A ENTRARE IN GIOCO appaiono due differenti modelli di valorizzazione, quello del plusvalore ottenuto attraverso lo sfruttamento del lavoro, e quello del plusvalore di mercato, teorizzato da Braudel, in cui è nella sfera della circolazione, attraverso spostamenti, un tempo prevalentemente geografici oggi sempre più culturali, che risiede la chiave per la realizzazione del profitto. Se per i beni standard la chiave di valorizzazione risiede nella prima modalità, e la qualificazione delle merci avverrebbe in via «analitica», le tipologie della collezione, della moda e dell’attivo puntano sul plusvalore di mercato supportato da una presentazione narrativa. Cruciale, in tal senso, viene ritenuta la risorsa della «storia», assunta non come un dato legato al passato ma come un costrutto sociale continuamente ricreato e riarticolato. Si tratta di veri e propri «giacimenti» continuamente ricreati e riarticolati dall’azione congiunta, a geometria variabile, di istituzioni pubbliche, stili di vita, lavoro intellettuale, spazi sottoculturali, dalla cooperazione sociale, in sintesi, nelle sue più diverse forme, lavorative e extralavorative, di cui i grandi e piccoli player si appropriano stabilendo nuove «enclosure». Ed è in tale dimensione che risiederebbe lo specifico dello sfruttamento nelle economie dell’arricchimento, dove il valore prodotto collettivamente viene captato e monopolizzato da specifici attori privati.

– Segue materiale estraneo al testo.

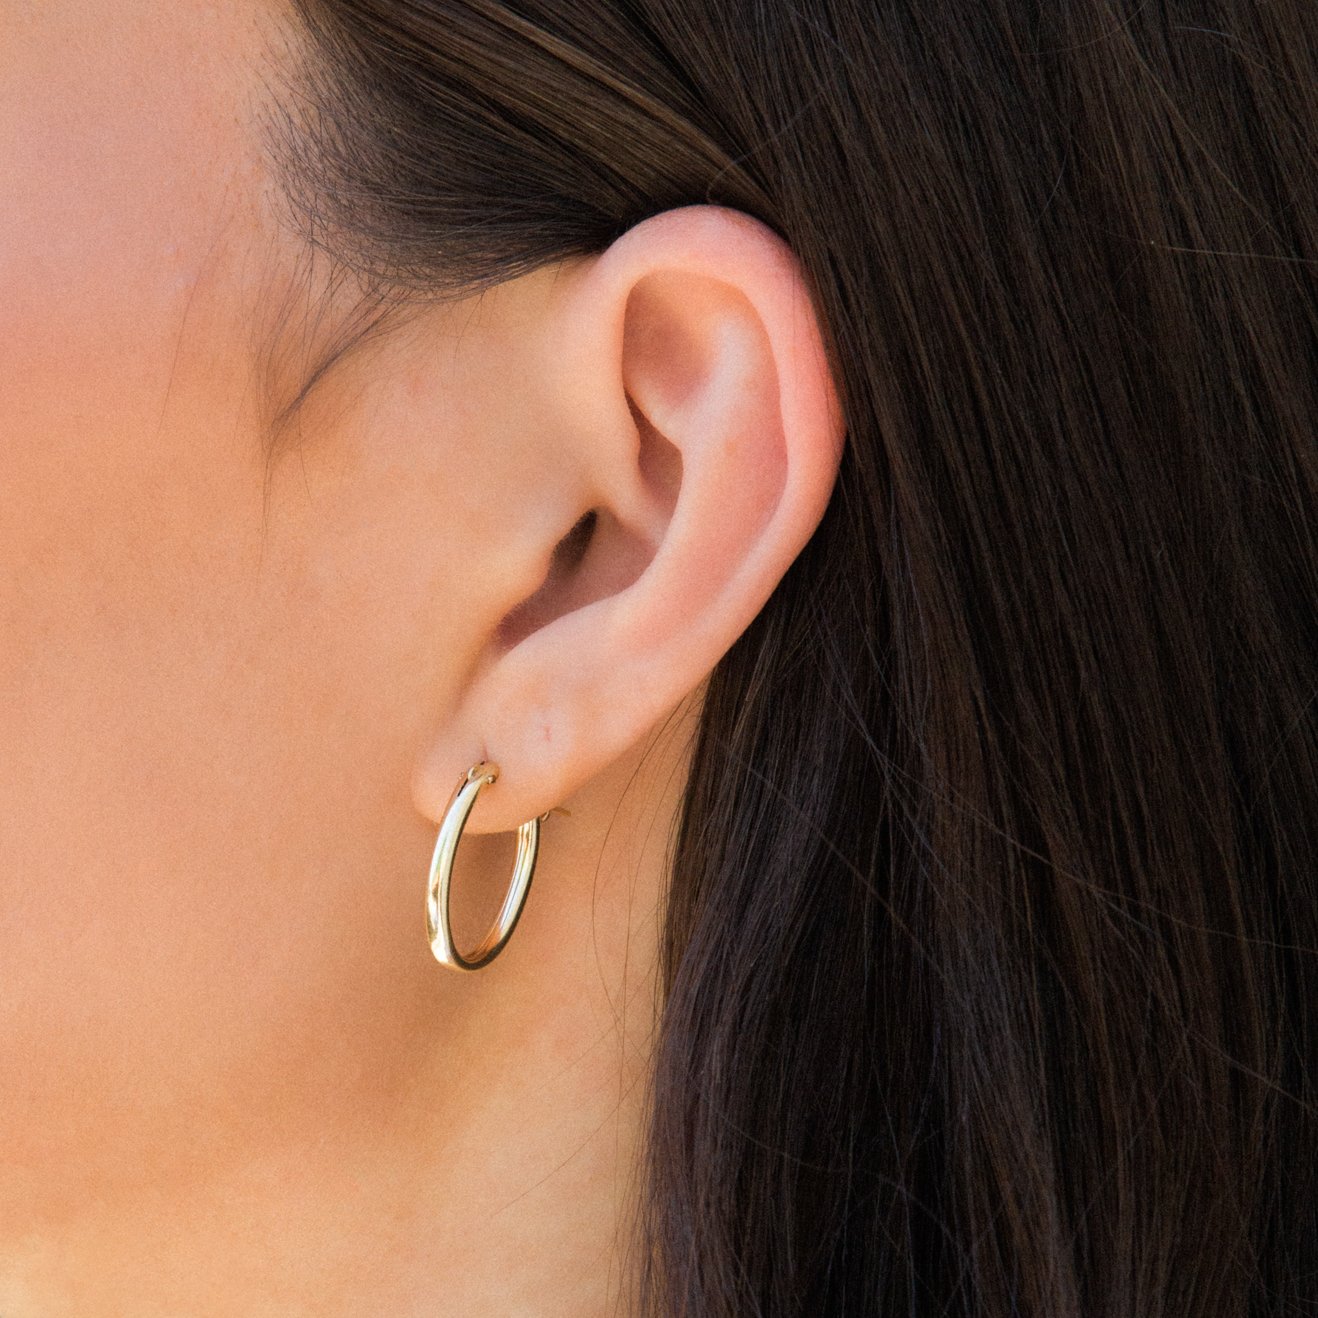 Oval Everyday Hoop Earrings by Simple & Dainty Jewelry

SI PUÒ GUARDARE ad Arricchimento da più punti di vista. Vi si può vedere un pionieristico tentativo di proporre un approccio sociologico al tema dei prezzi e del valore delle cose smarcandosi dalle impostazioni filosofiche (il feticismo della merce) o economiche (teoria del valore lavoro o dell’utilità marginale). La merce è qualsiasi oggetto che sia venduto, il prezzo è l’ammontare monetario che si realizza nella «prova» dello scambio mentre il valore, da elemento collocato a monte del prezzo, come suo fondamento oggettivo al di là delle oscillazioni contingenti del mercato, viene spostato a valle, e considerato come il complesso di argomenti forniti per contestare o giustificare il prezzo delle cose. Ed è su questo punto che opera la «presentazione narrativa», nelle differenti forme assunte dai diversi regimi di valorizzazione. Ma il libro è anche, e soprattutto, un contributo alla comprensione delle modalità estrattive del capitalismo contemporaneo (definito «integrale»), di cui viene evidenziato il carattere plurale, la sua capacità di trarre profitto dalle differenze, non riducibile a una generica e unitaria «logica di mercato», nonché delle dinamiche di sfruttamento del lavoro, della fiscalità, della cooperazione sociale, del tempo e dello spazio che lo caratterizzano.